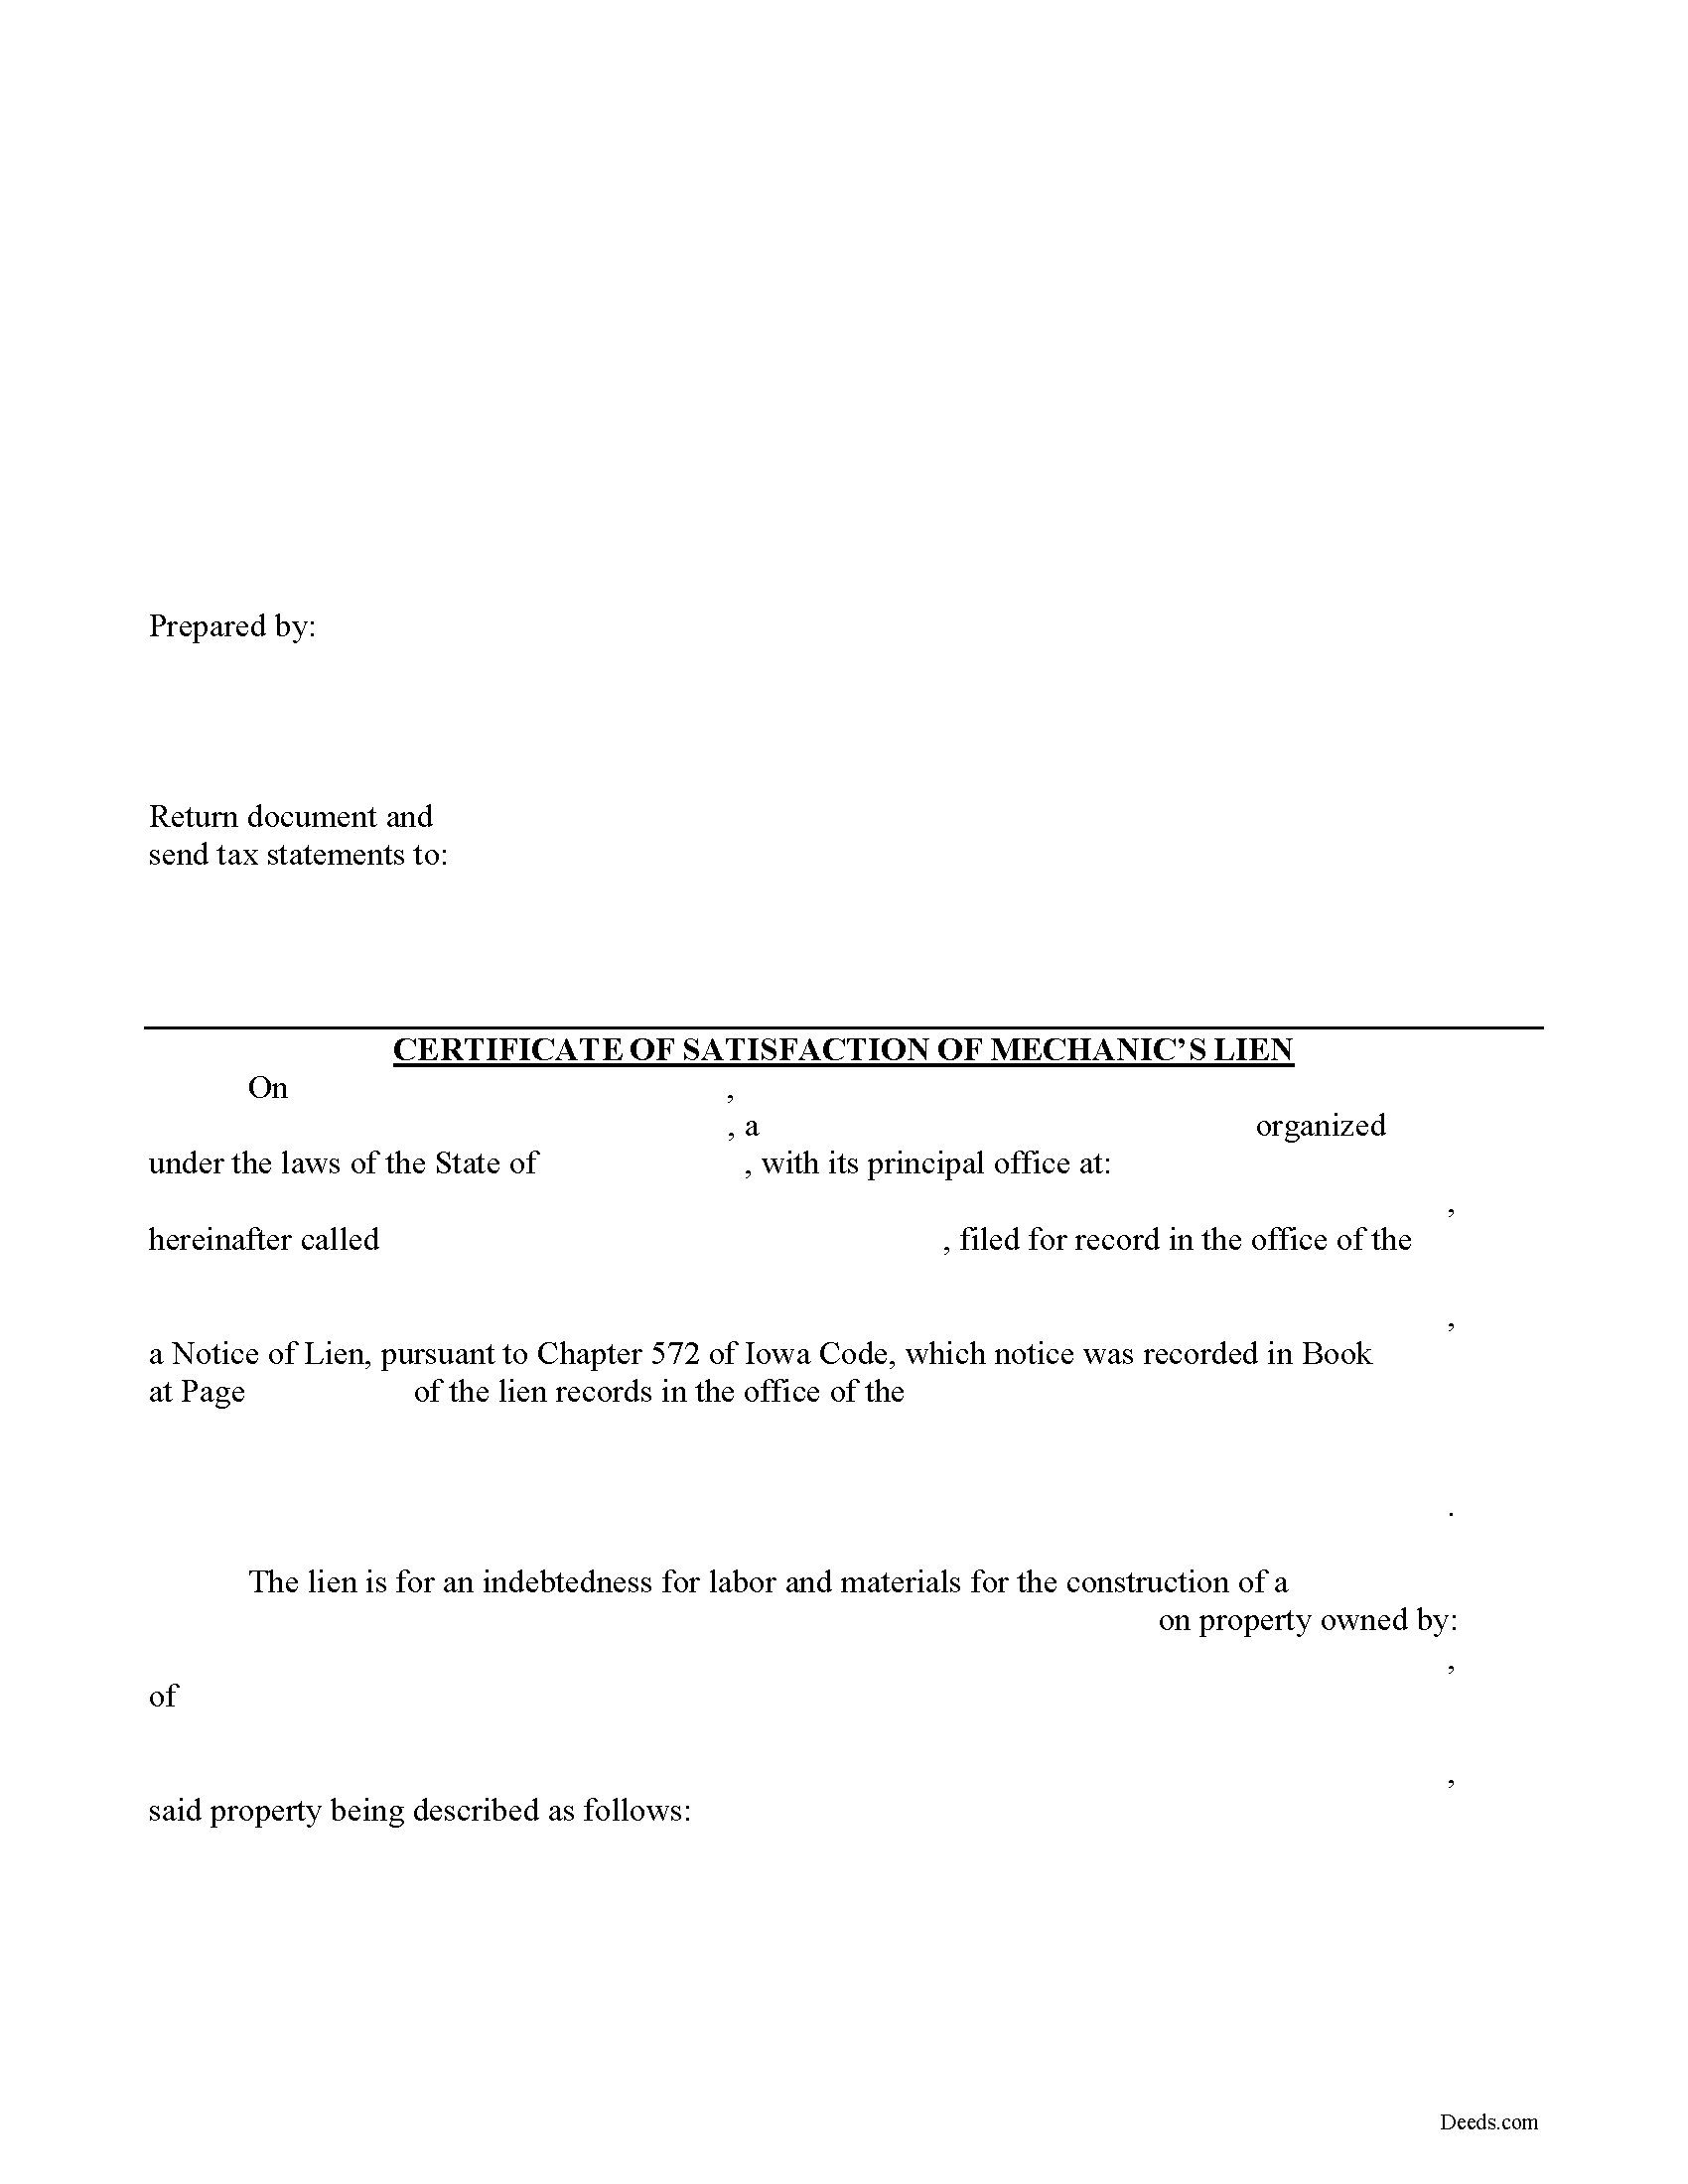 Iowa Certificate of Satisfaction Image
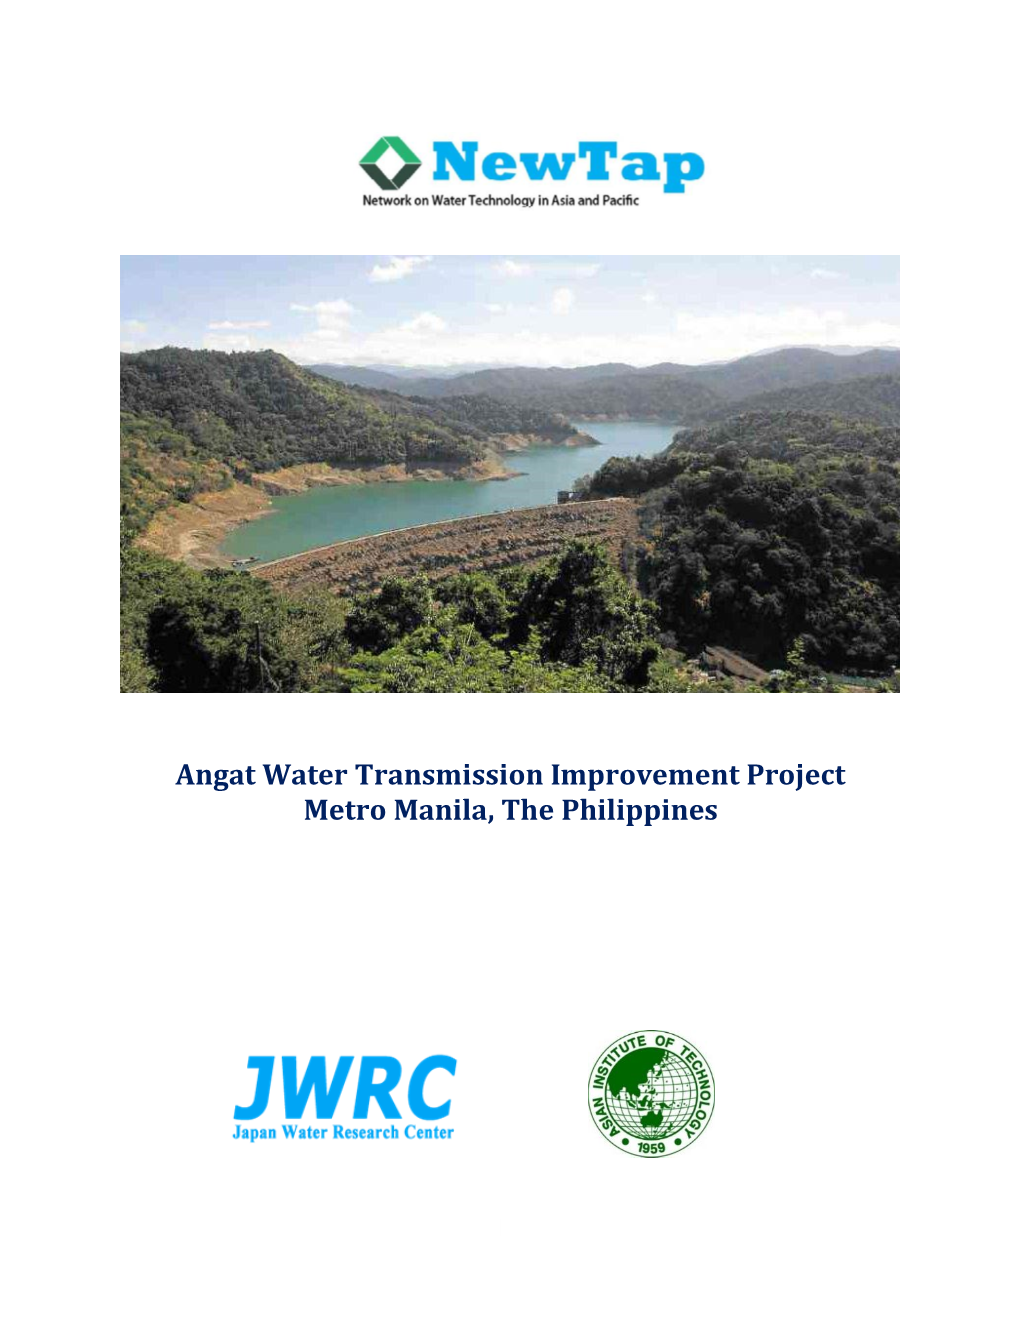 Angat Water Transmission Improvement Project Metro Manila, the Philippines
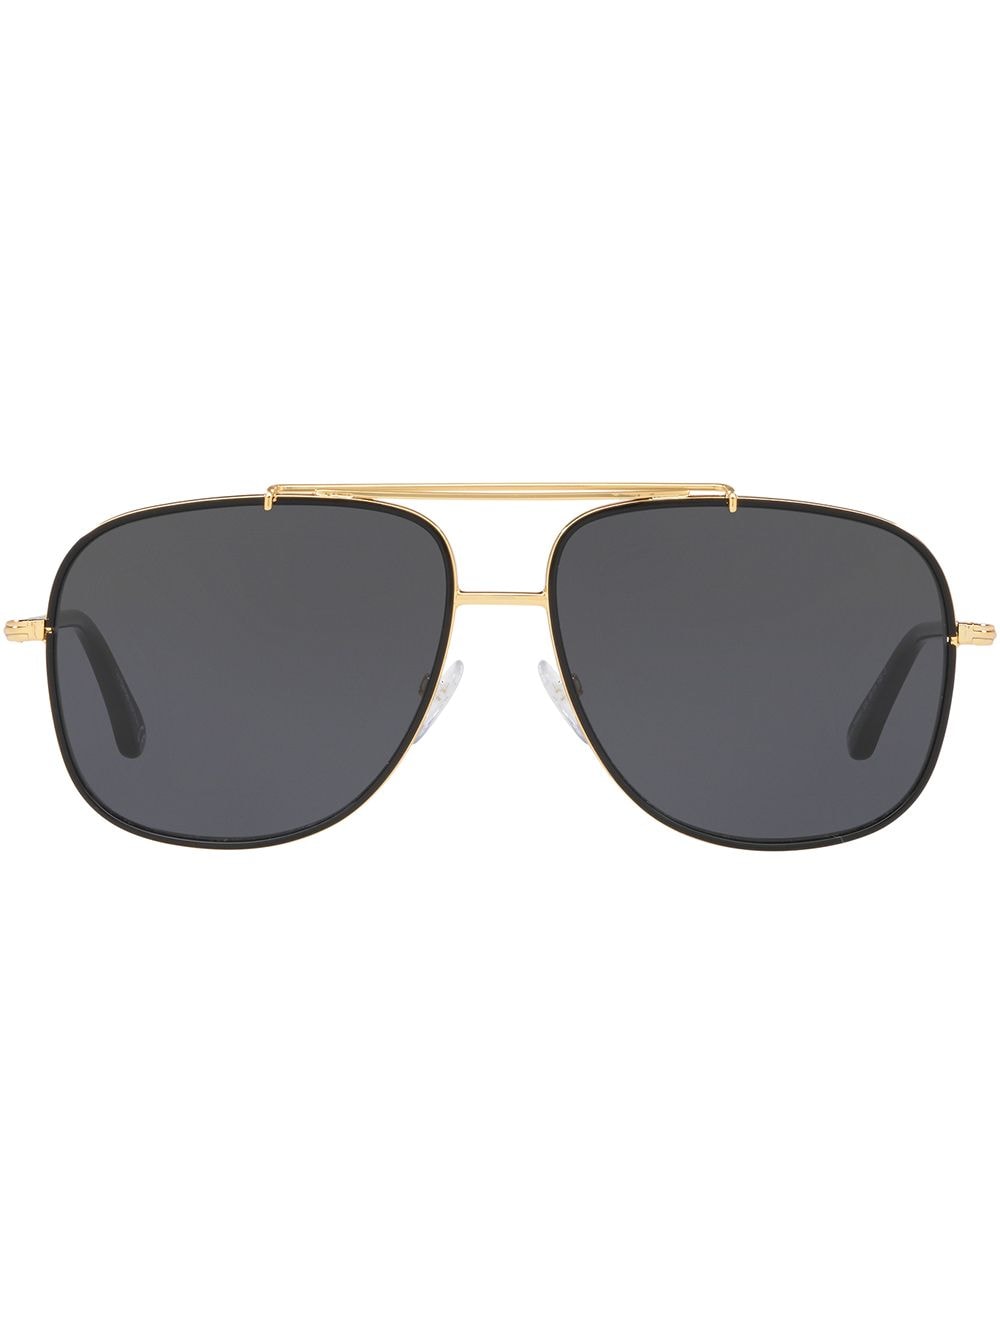 TOM FORD Eyewear FT0693 pilot-frame sunglasses - Gold von TOM FORD Eyewear
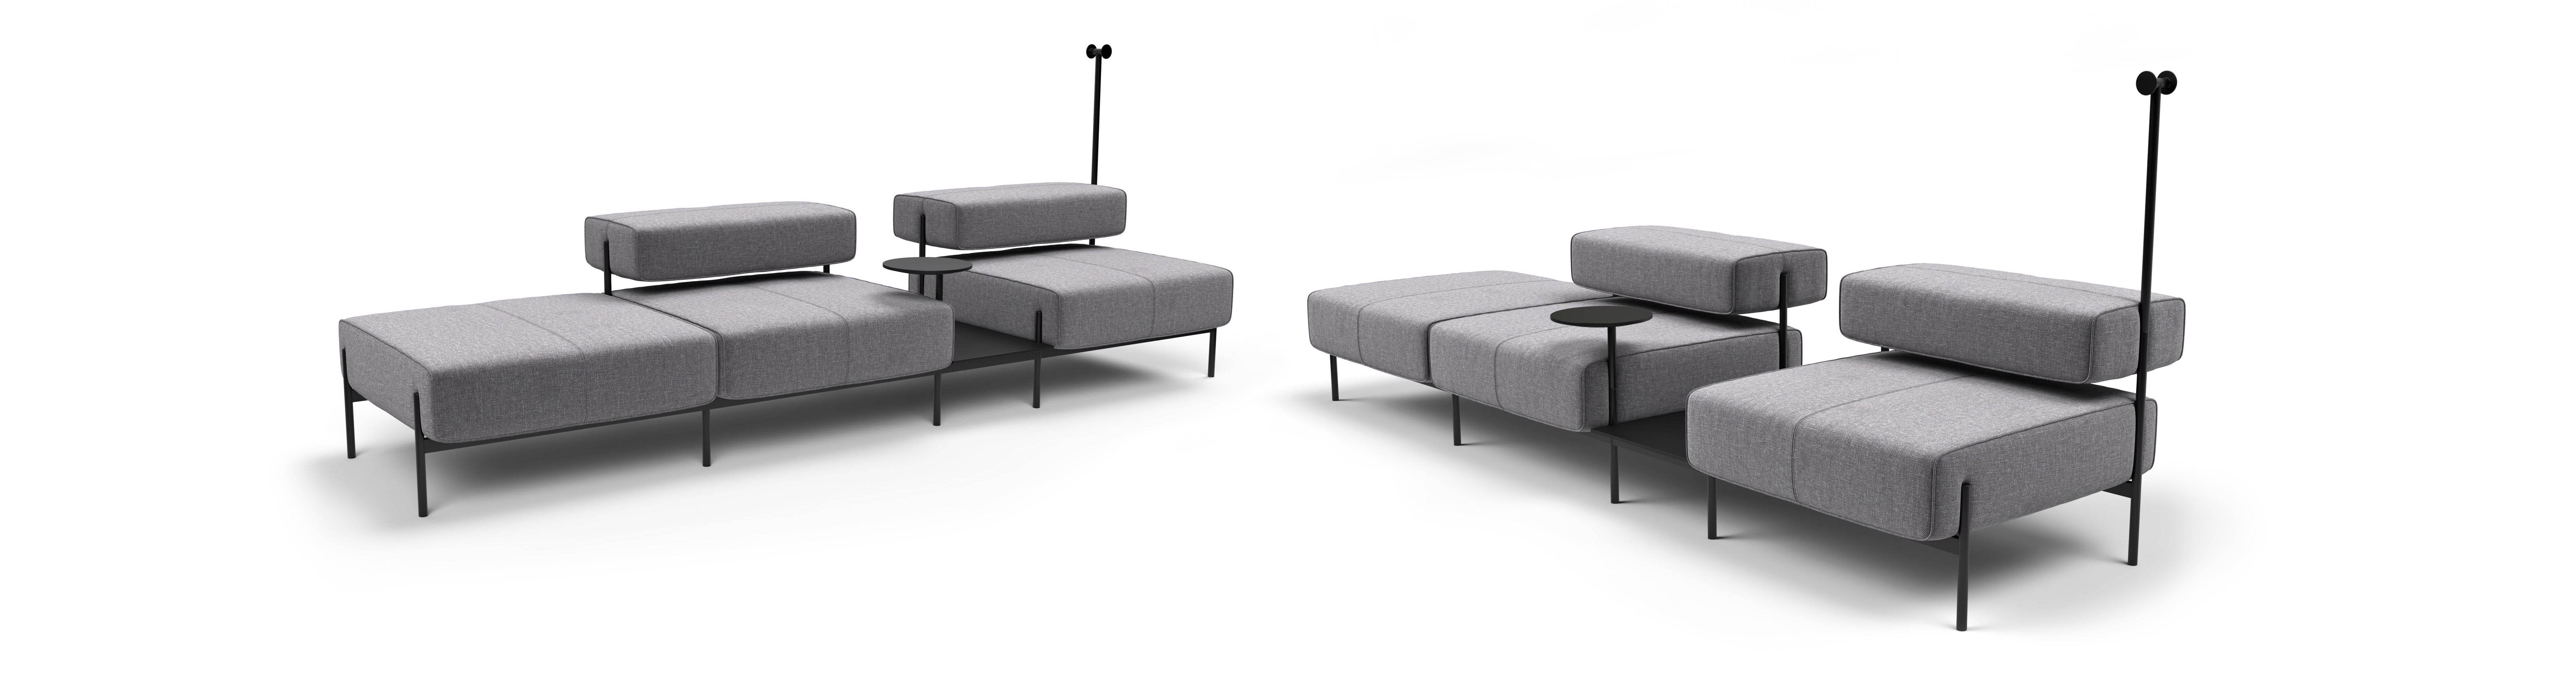 Offecct Lucy Modular Sofa Lounge Chair

**Instructions to follow**
Take the line containing "Angat Water Transmission" and every line after it through the end of the data, and write them out exactly, with no pictures.

**Solution to this exercise**
 Angat Water Transmission Improvement Project Metro Manila, the Philippines
 TOM FORD Eyewear FT0693 pilot-frame sunglasses - Gold von TOM FORD Eyewear
 Offecct Lucy Modular Sofa Lounge Chair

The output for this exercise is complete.